Compound your muscle growth with this hardcore training program.

Well listen up. If you want your muscles to explode to new heights of growth then you’re going to have to batter your muscles to shreds. It’s not a pretty process. It takes many painful hours in the gym, almost none of it fun (unless you’re getting the pump frequently). There’s no way around the fact that in order to see results you’re going to have to put yourself through some torture. But really you already know that. We’re preaching to the choir.

Now we all know what compound sets are, and if you don’t then you have a bigger problem, but to be quick – it’s pretty much multiple workouts that target the same target muscle group. But here’s a question that is okay to ask: what the hell are compound-compounds? Well, eight time Mr. Olympia champion Lee Haney has his own thoughts on building muscle that includes the double compound system.

Haney’s compound-compounds training involves lifting with free weights. Why free weights specifically? Well the concept is that using machines takes away the multitude of angles a gainer could use to build up a specific muscle group. The free weights offer full range of motion to attack the muscle at different angles. Haney ultimately recommends that if you want bigger and better gains – you must perform compound-compounds with free weights once every few weeks.

So what is it exactly? The compound-compounds system basically requires that you perform a workout that targets a specific muscle group where each exercise is doubled or tripled.

“Combine two (or more) free weight compound exercises and go back and forth between them in superset, triset or giant-set manner, getting the number of reps for each that you normally would when doing straight sets.”

– Lee Haney talking to Flex Online

So, for instance, if you usually do three sets of one exercise for your biceps with rests in between, the compound-compounds method would have you do four or more sets of two or more exercises with no rest until your workout is finished.

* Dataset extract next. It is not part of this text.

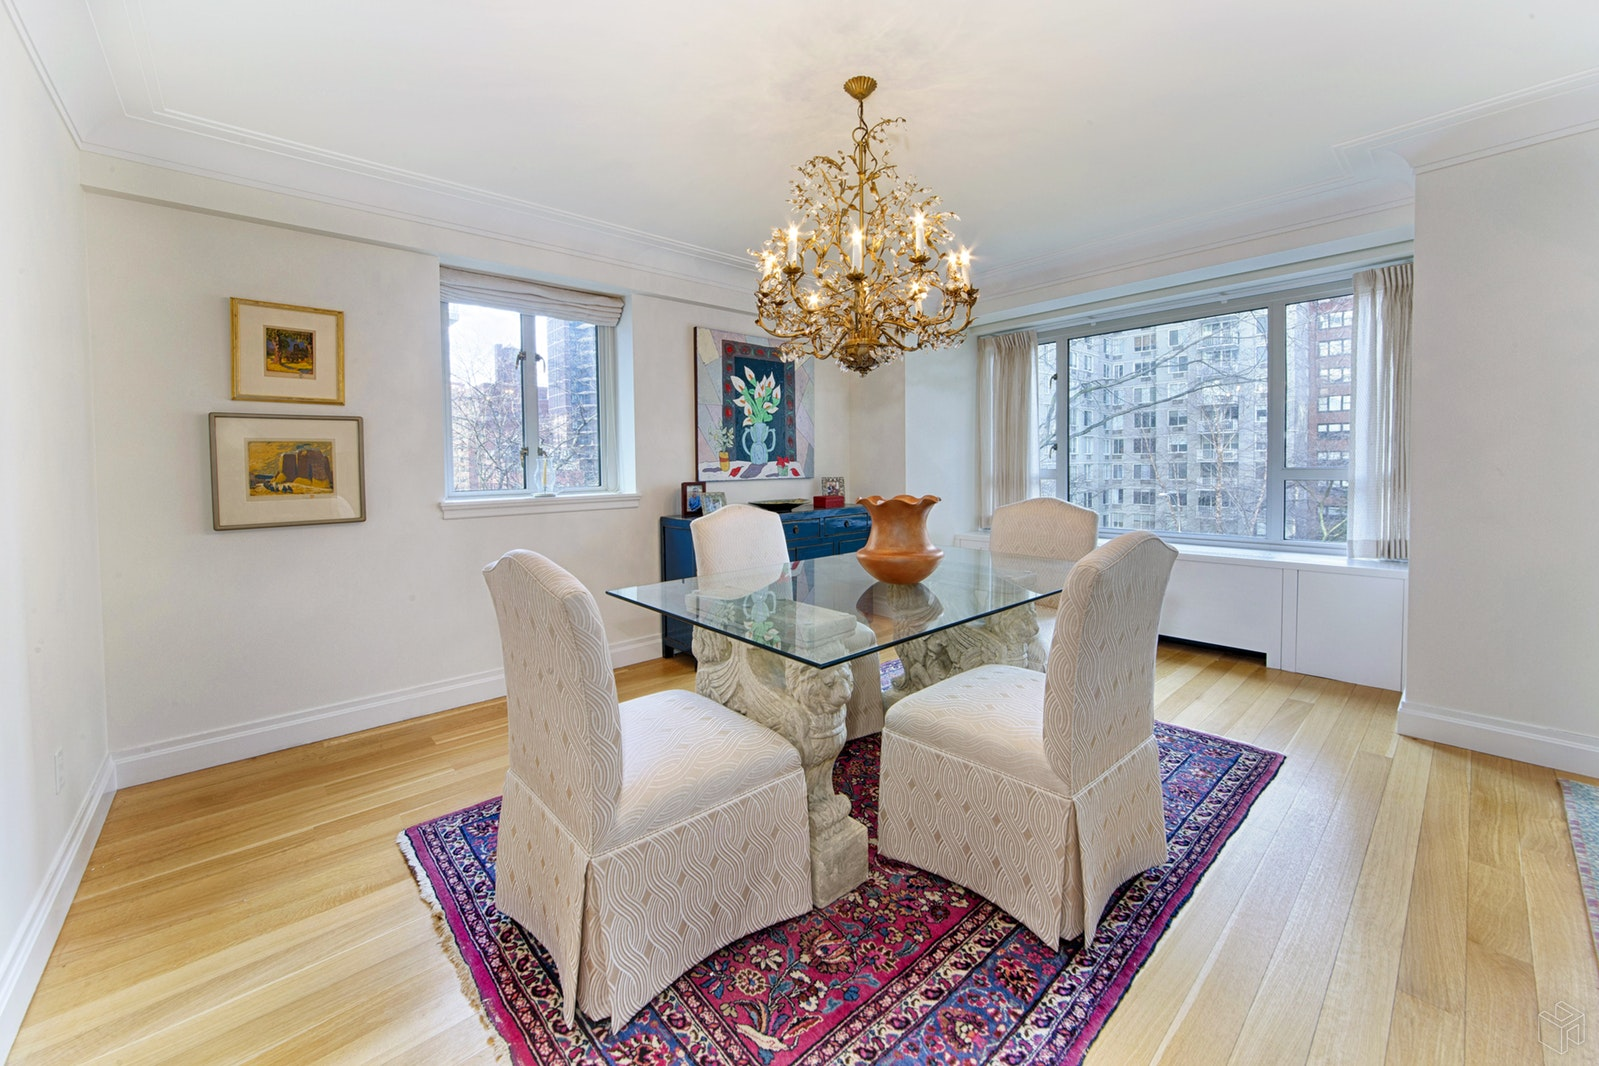 200 EAST 66TH STREET C404, Upper East Side, $2,600,000, Web #: 19454202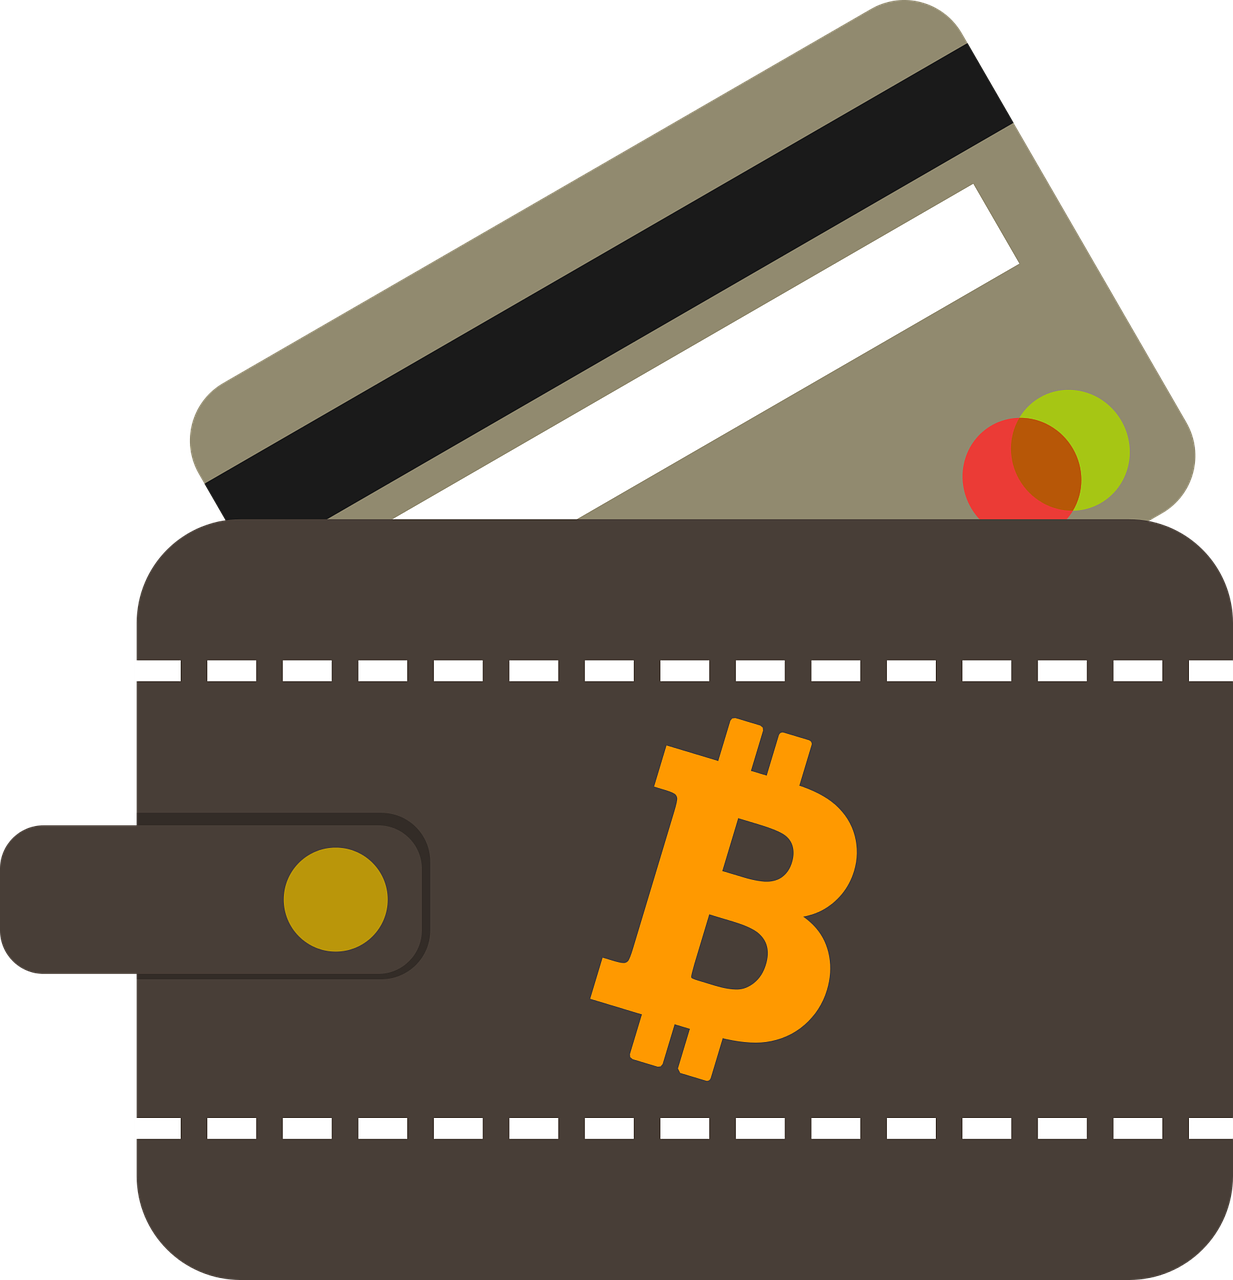 Kriptovalūtu kazino kriptovalūtas maks (cryptocurrency wallet)

So pretty much instead leg day being your least favorite day of the week, hell day (or compound-compounds day) will take over as your new favorite. It’s a extreme and not for the faint of heart so only do it if your body can handle it. Here’s an example of Haney’s compound-compounds workout for chest.

Sample Chest Workout

Incline Barbell Presses – 4 sets, 8-10 reps
(Compounded with)
flat bench dumbbell press – 4 sets, 8-10 reps

Incline Dumbbell Presses – 4 sets, 8-10 reps
(Compounded with)
Dips – 4 sets, 8-10 reps

(Note: For each compound set, continue back and forth between the two exercises until all four sets of each are completed)

 

Try out the Olympia Champs workout and watch your muscles grow in the gym. Let us know what you think about the training program and be sure to follow us on Facebook and Twitter.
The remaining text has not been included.